Never thought I would see something like that my lifetime.

Virtually expressed ethnicity

Many socially shared VR platforms do a very bad job of reflecting the ethnicity of participants. This is not so surprising. Avatar technology is still in a relatively primitive state, whereas actual people are very complex.

But that has gotten me thinking. If we do eventually get to the point where the sort of reality envisioned in Snow Crash becomes the norm, then questions surrounding ethnicity might become different.

Your literal appearance might matter less than your tribal identity. Ethnicity will be less about ill conceived responses to superficial genetical traits, and more about shared heritage and culture.

If that happens, I wonder what that will mean for social, cultural and economic interaction between people with different ethnic identities. I hope, among other things, that it will level the playing field.

The wisdom of kitchens

Like many people, since the start of the pandemic I have been spending a lot more time in the kitchen. I’ve learned more about the art of cooking in the last half year than I can even begin to describe.

One of the more valuable lessons has been the importance of a well designed cooking space, with ready access to tools. You want your counter tops, cooking utensils, spice rack, stoves and oven, dishes, refrigerator, and pantry to all be within easy reach.

Everything is about flow. While you’re working on one thing, it’s important to know how that the other thing you started is doing, and whether it needs to be tended to.

I think about this when I think about future tasks we might do in shared virtual reality. VR is fairly new, but kitchen design has been going on for many centuries.

Perhaps we can apply some of the wisdom of kitchens to the design and workflow of our future shared VR spaces.
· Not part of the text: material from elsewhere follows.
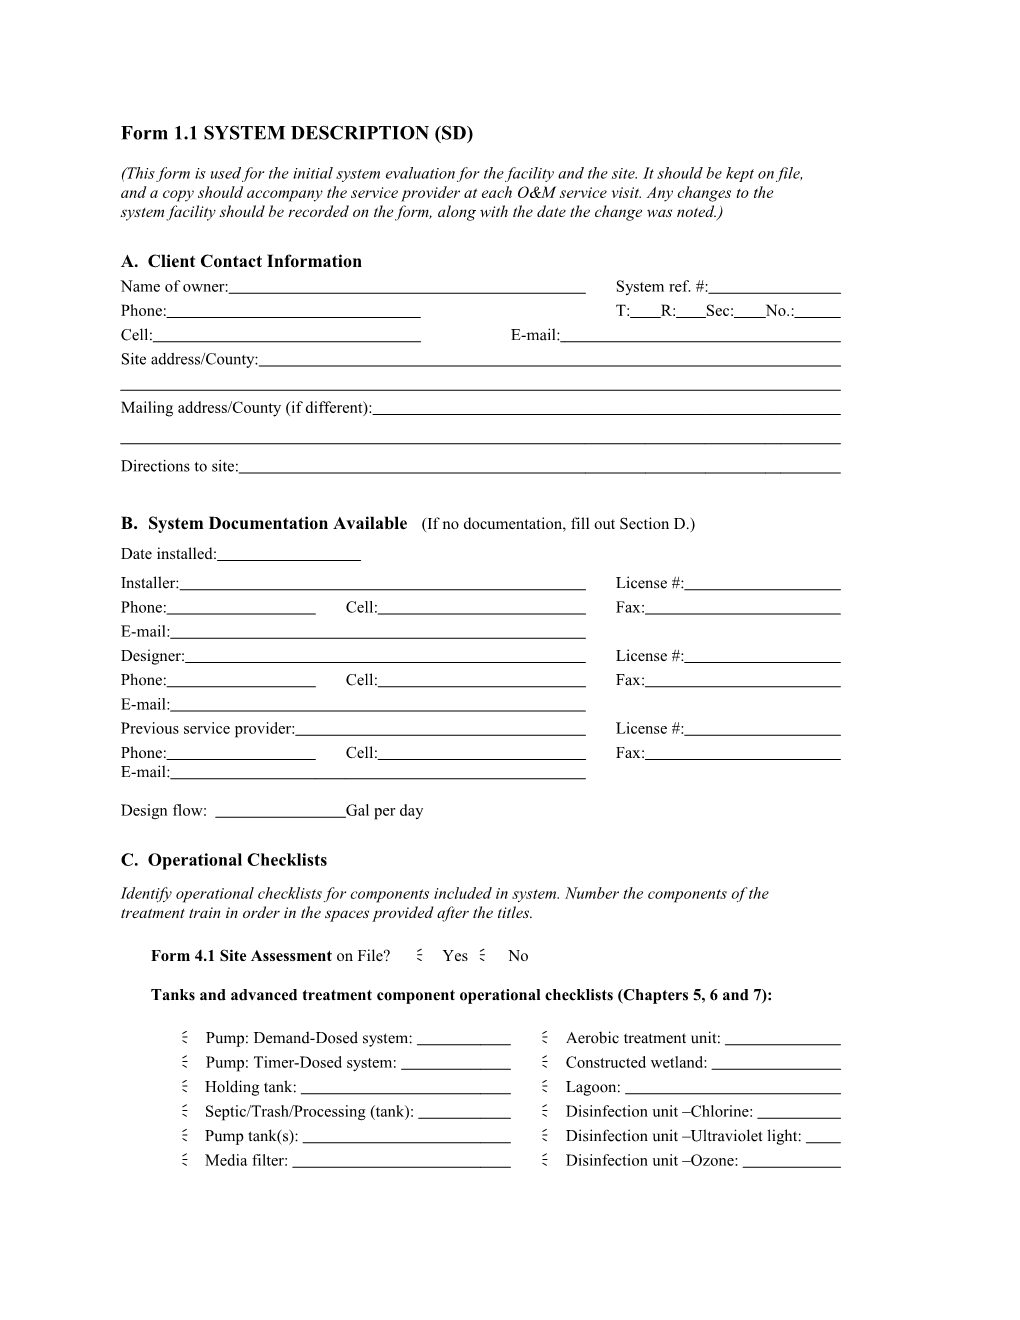 Form 1.1 SYSTEM DESCRIPTION (SD)
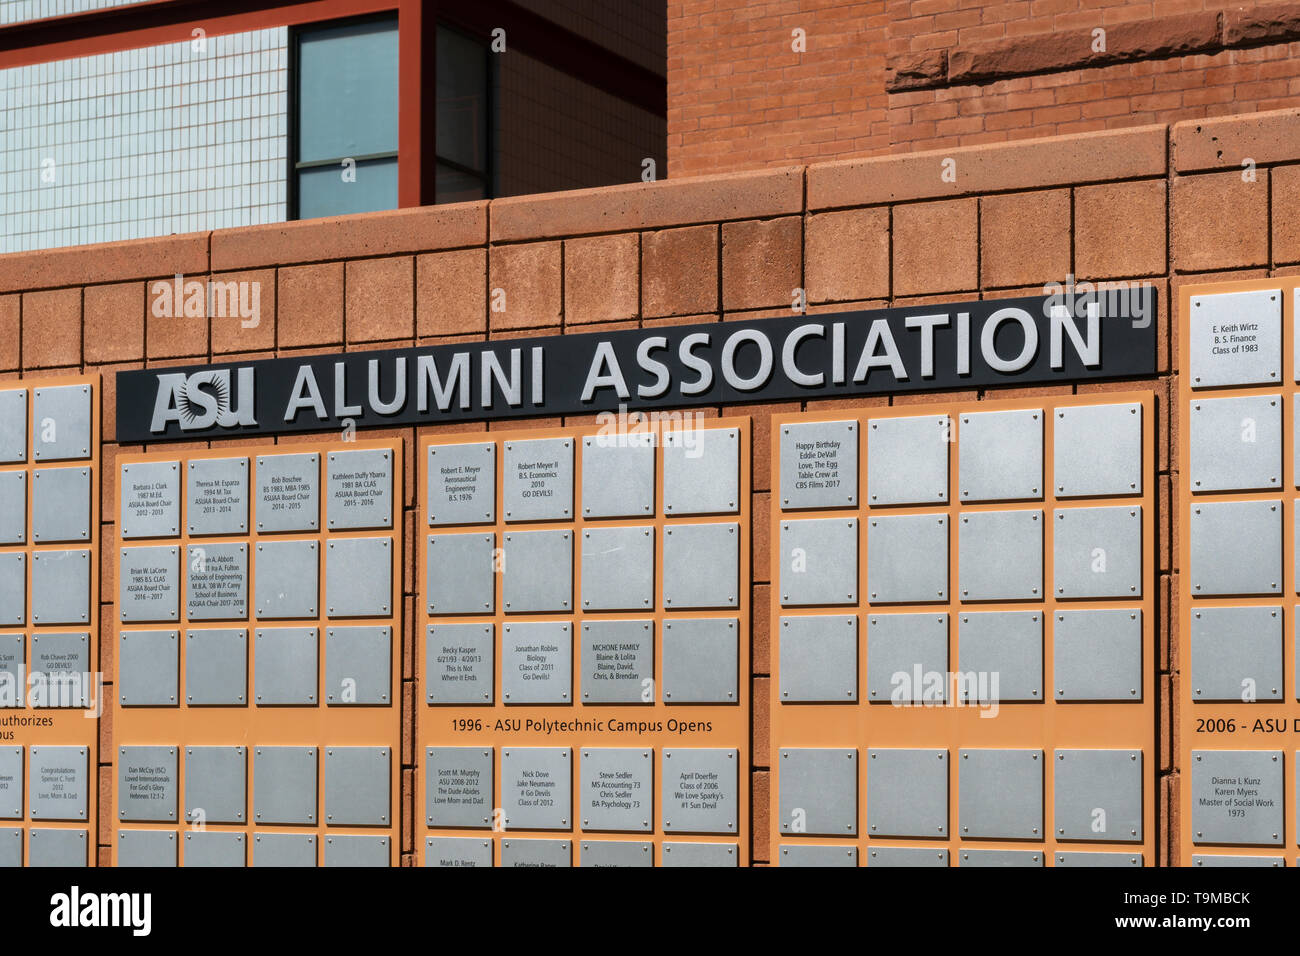 TEMPE, AZ/USA - 10. APRIL 2019: ASU-Alumni Association Wand auf dem Campus der Arizona State University. Stockfoto

I would not be surprised if we were to find that the two have a lot in common.

Political signage

One of the salient features of the run-up to a major American election is the proliferation of political signage. Pretty much everywhere you go, somebody is relentlessly advertising for their favorite candidate.

Which is why I found it refreshing today to see a political advertisement of a different sort. It was clearly a reference to our upcoming presidential race, but one could infer that fact only from context.

Here is what the sign said:


Any
Fully Functioning
ADULT

2020

Immersion and interactive narrative

In my experience, interactive narrative mostly has not worked. The results tend to fall uncomfortably into an uncanny valley between game and story.

The problem seems to center on the question of agency. Players of games have agency — they can affect the outcome. In contrast, readers and audiences of linear narratives have no agency.

As soon as you give your audience any agency, things quickly become far more gamelike and less like being told a story.

But I am wondering whether that will continue to hold true in an immersive medium such as virtual reality. Or will VR offer a way out of this?

Will a completely immersive world allow for audience choices while enabling the audience to feel that they are being told a compelling narrative rather than playing a game?

I think we will know the answer when somebody creates a truly successful example of an interactive immersive narrative in VR. I am looking forward to that!